WHAT YOU WILL DO: Reproduce the listing below as it stands. Leave out each image.

DATASET SECTION:
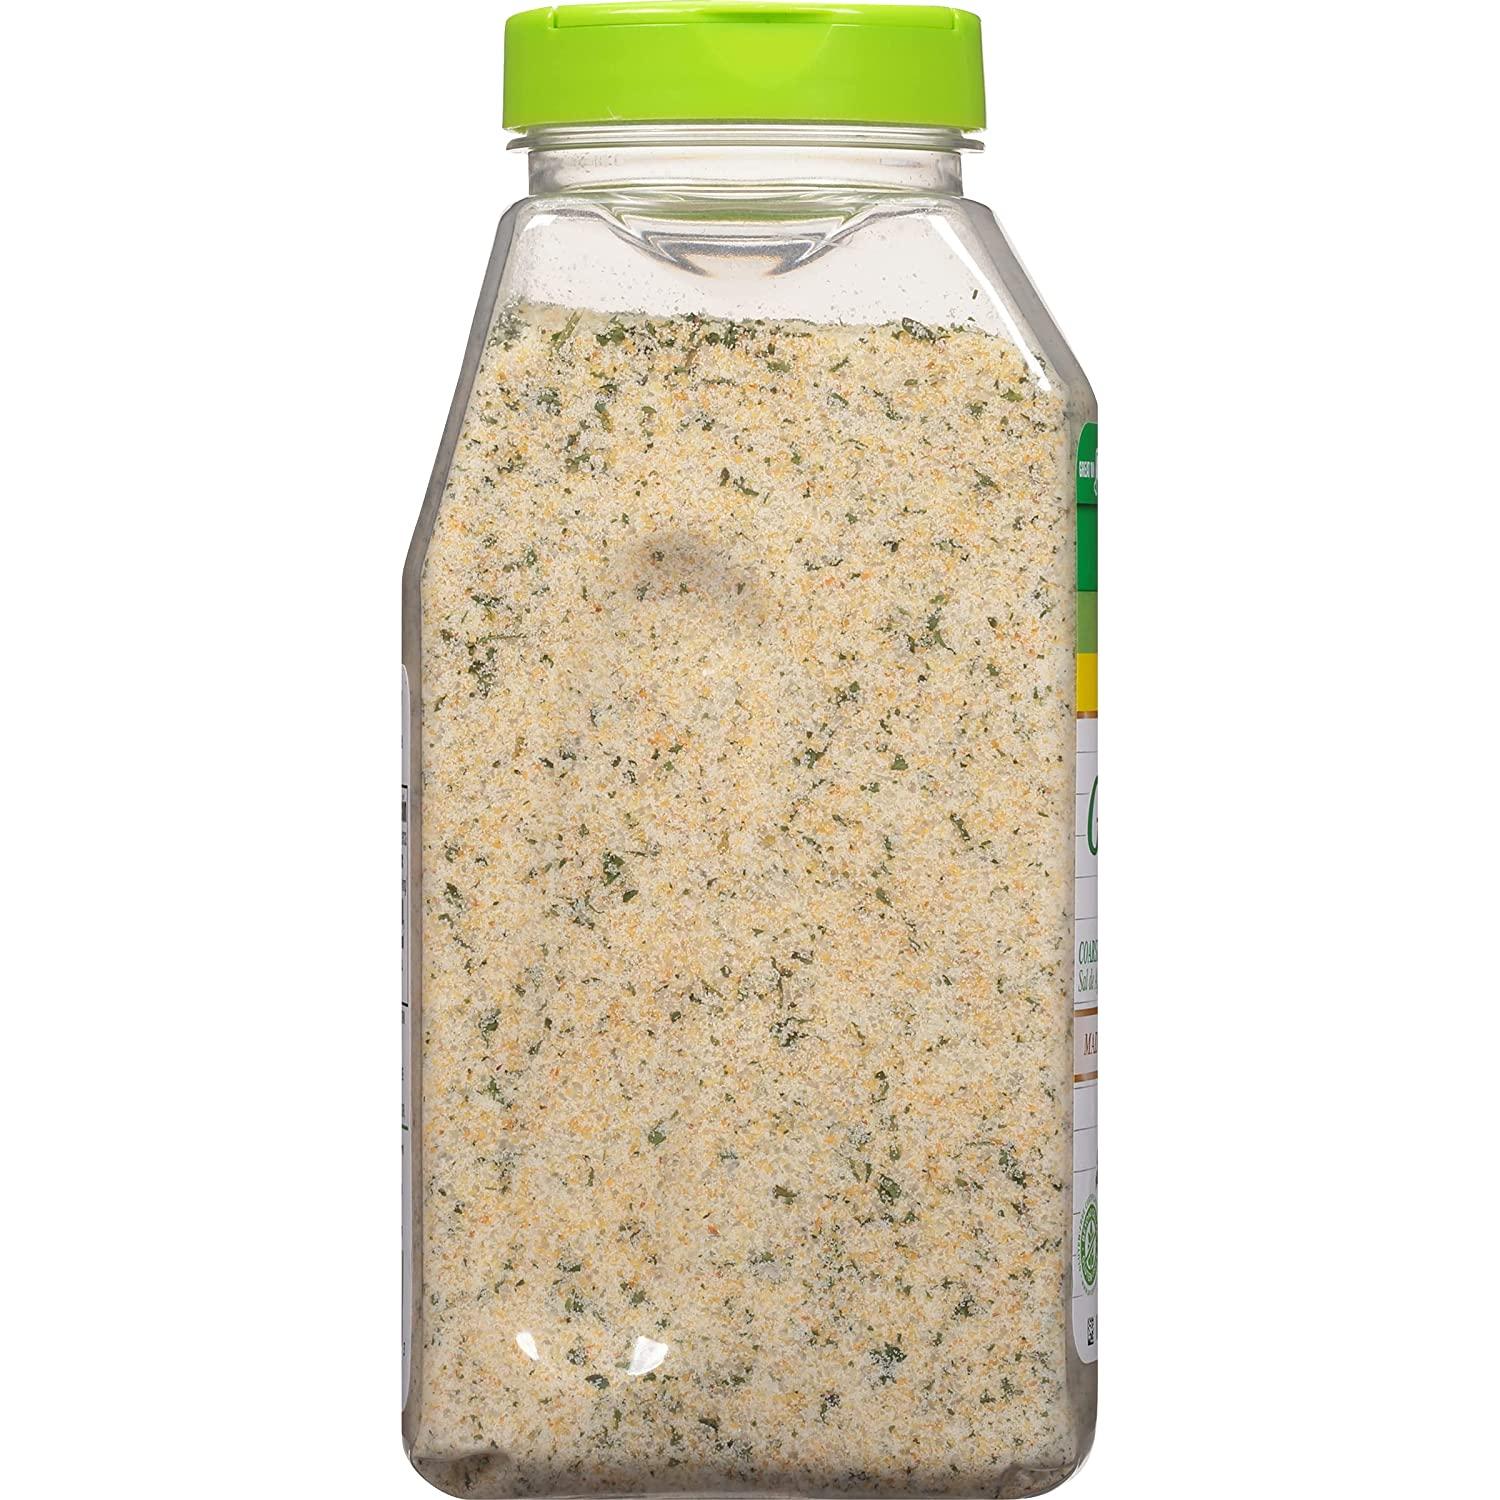 Lawry's Casero Garlic Salt, 33 Ounce
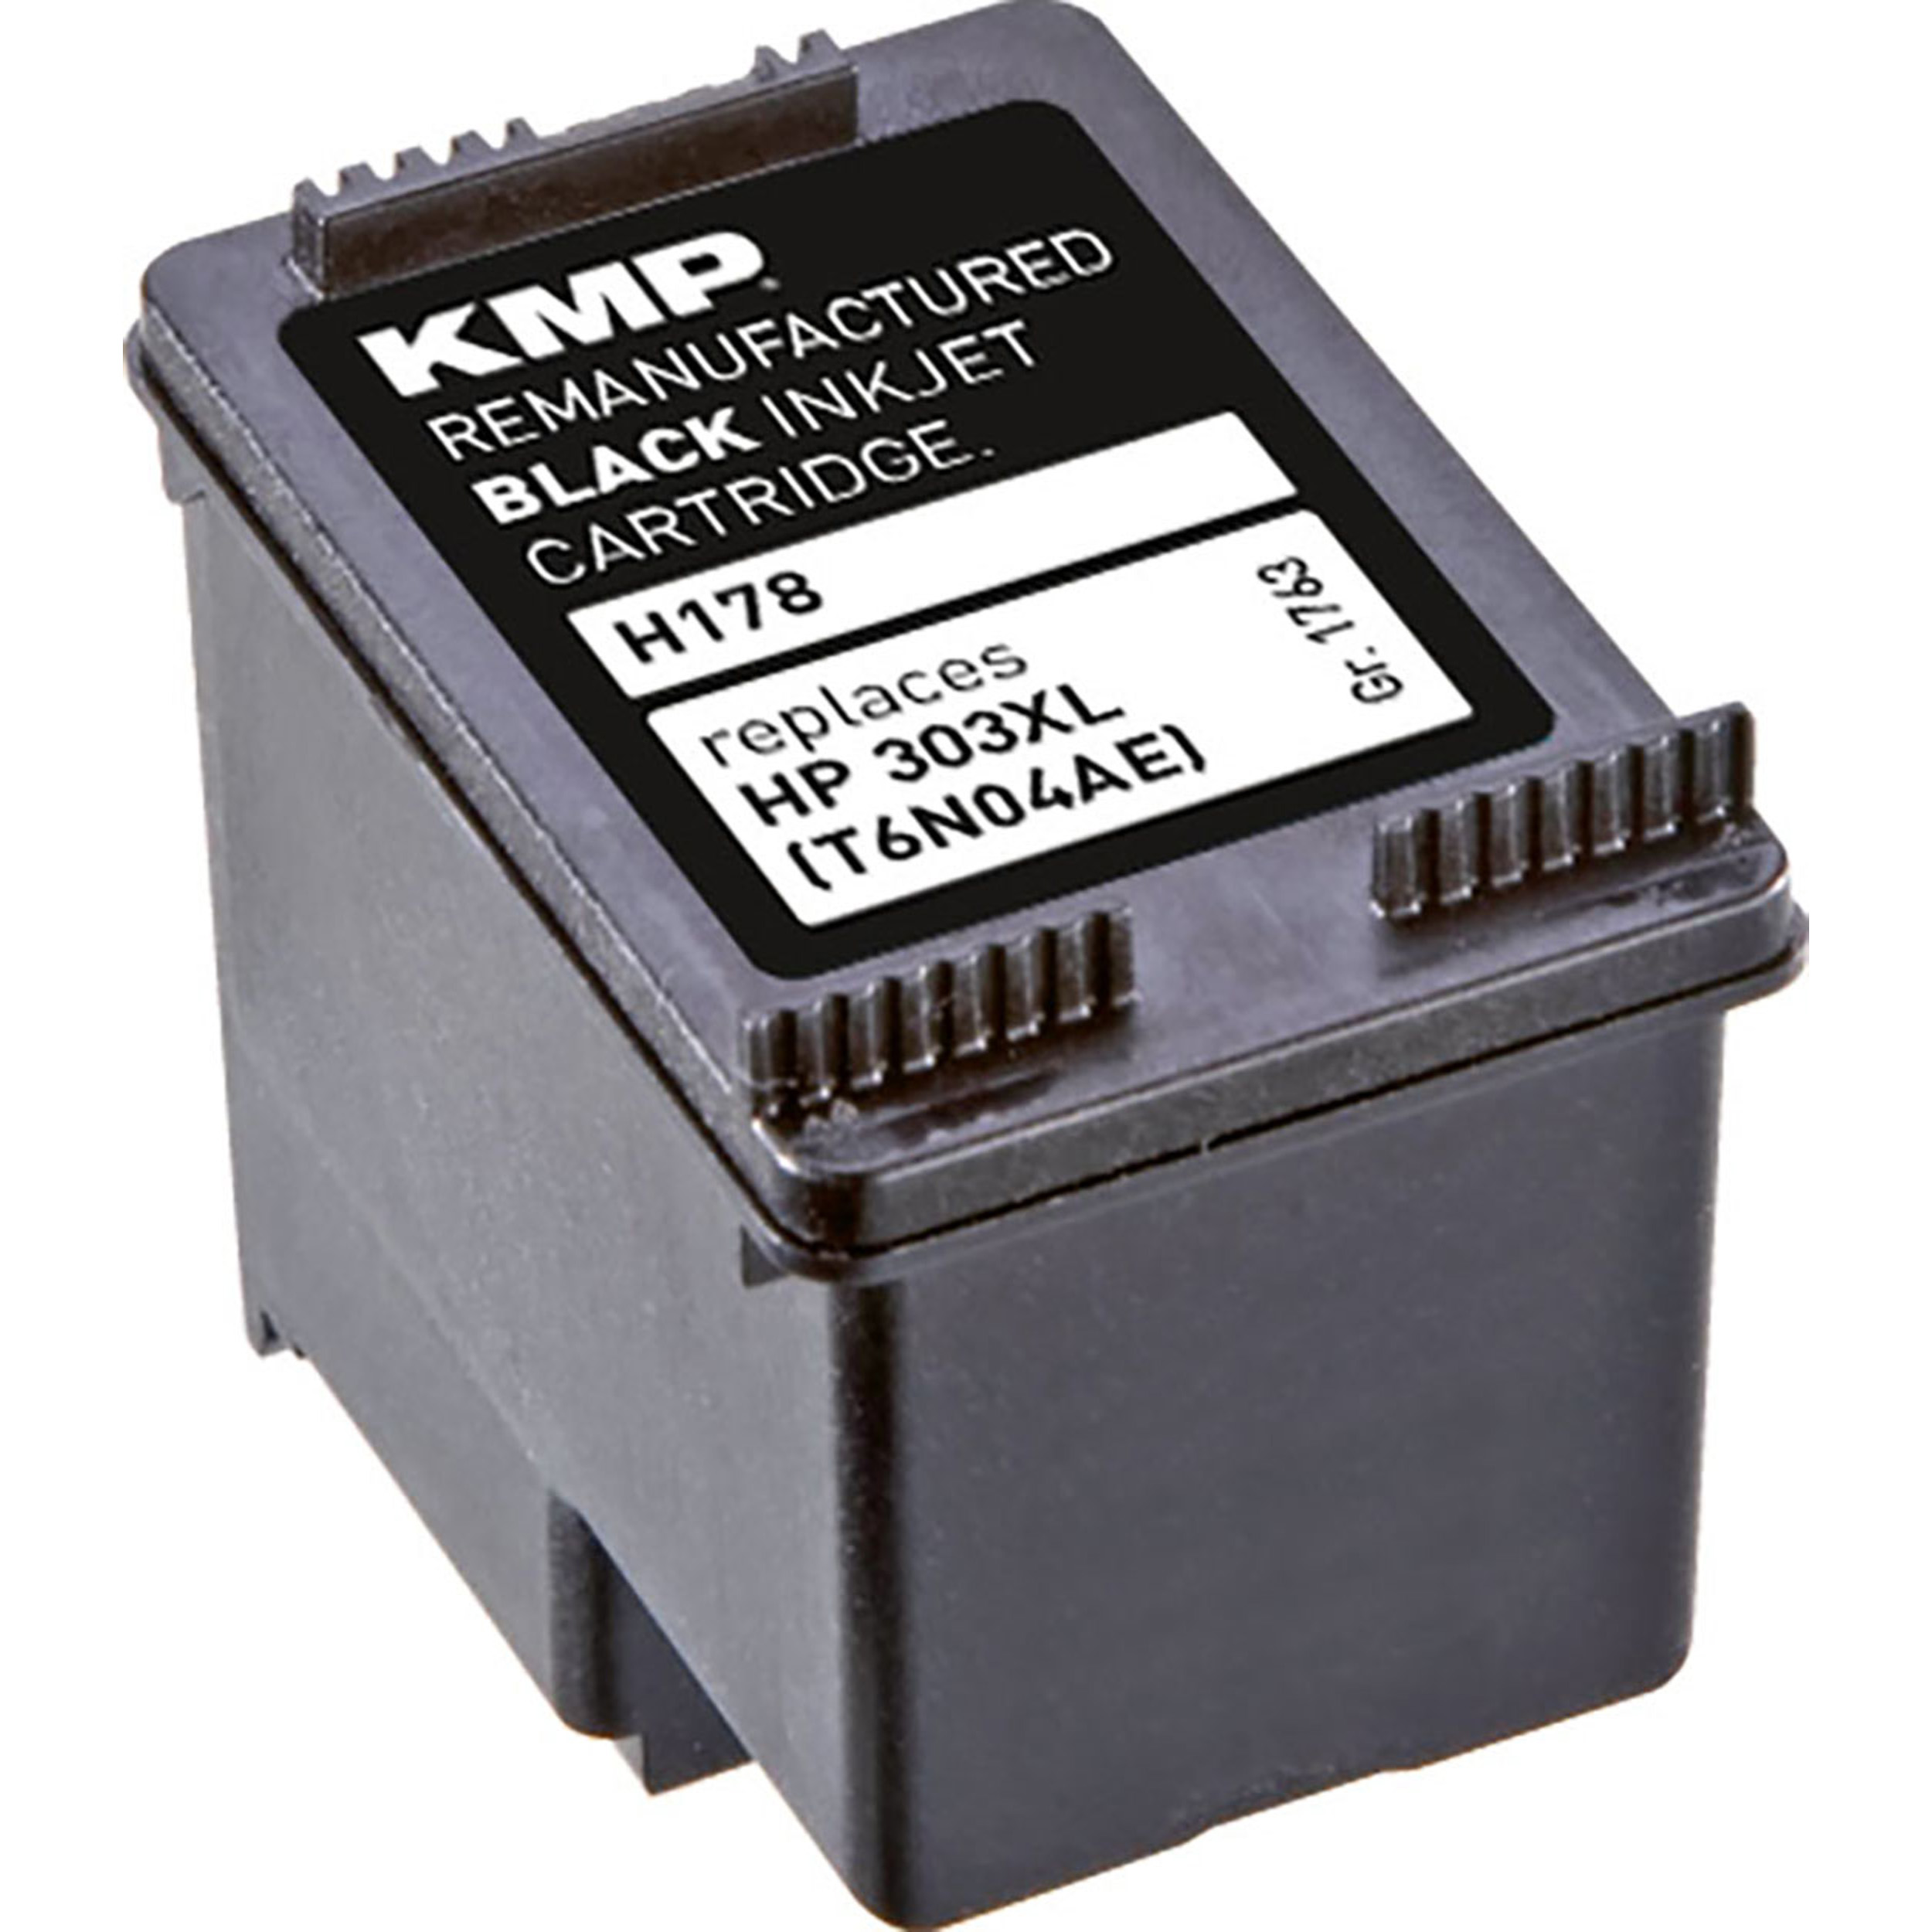 KMP Tintenpatrone für HP 303XL Cartridge Black (T6N04AE) (T6N04AE) Ink black
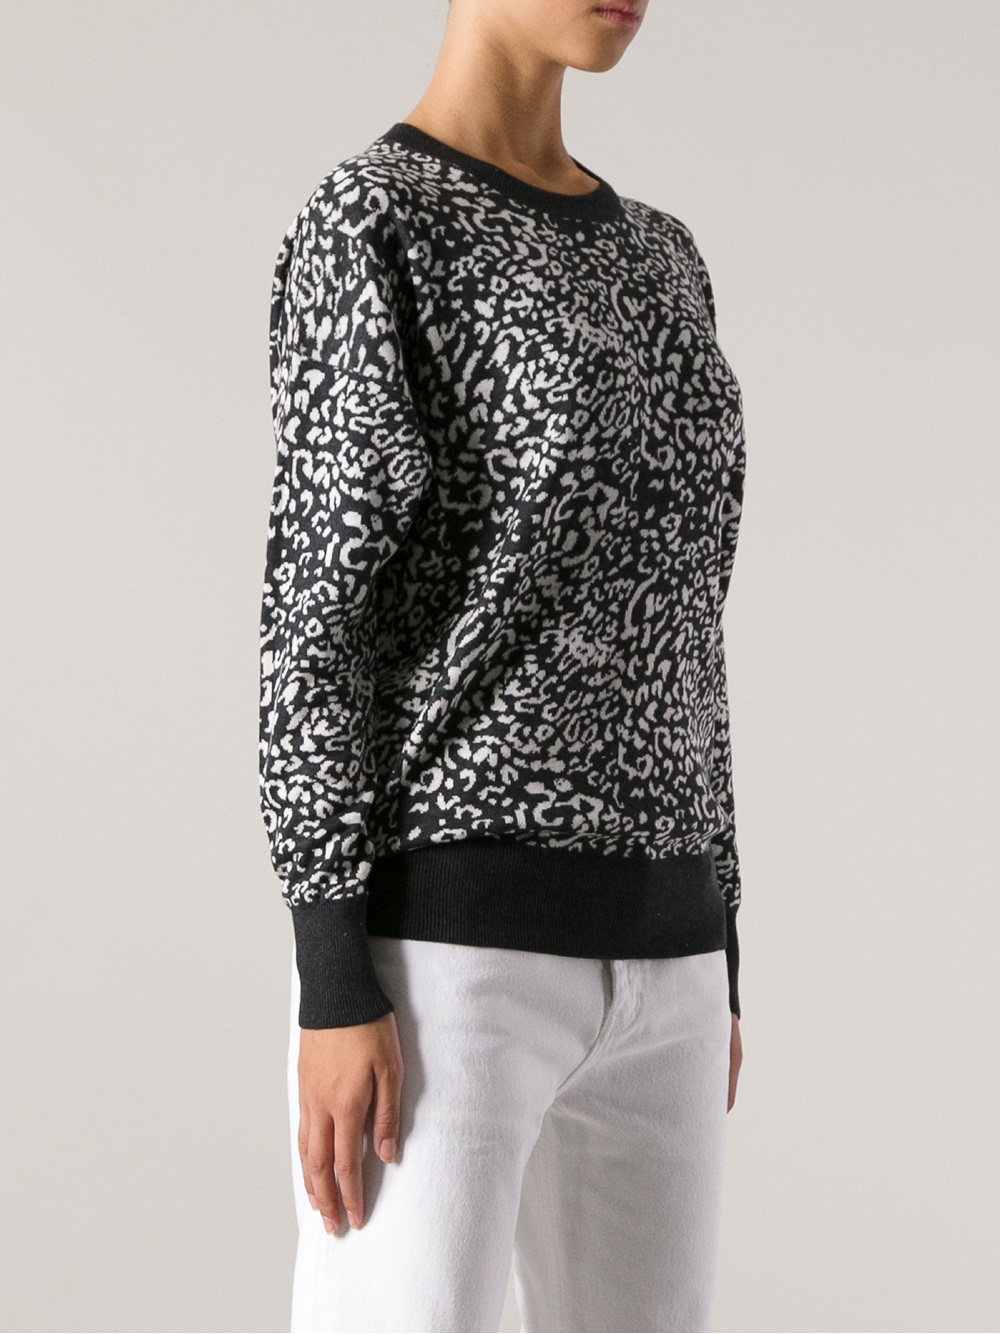 DKNY Dkny Leopard Print Sweater in Grey (Gray) - Lyst

PROBLEM SOLUTION:
 Lawry's Casero Garlic Salt, 33 Ounce
 KMP Tintenpatrone für HP 303XL Cartridge Black (T6N04AE) (T6N04AE) Ink black
 DKNY Dkny Leopard Print Sweater in Grey (Gray) - Lyst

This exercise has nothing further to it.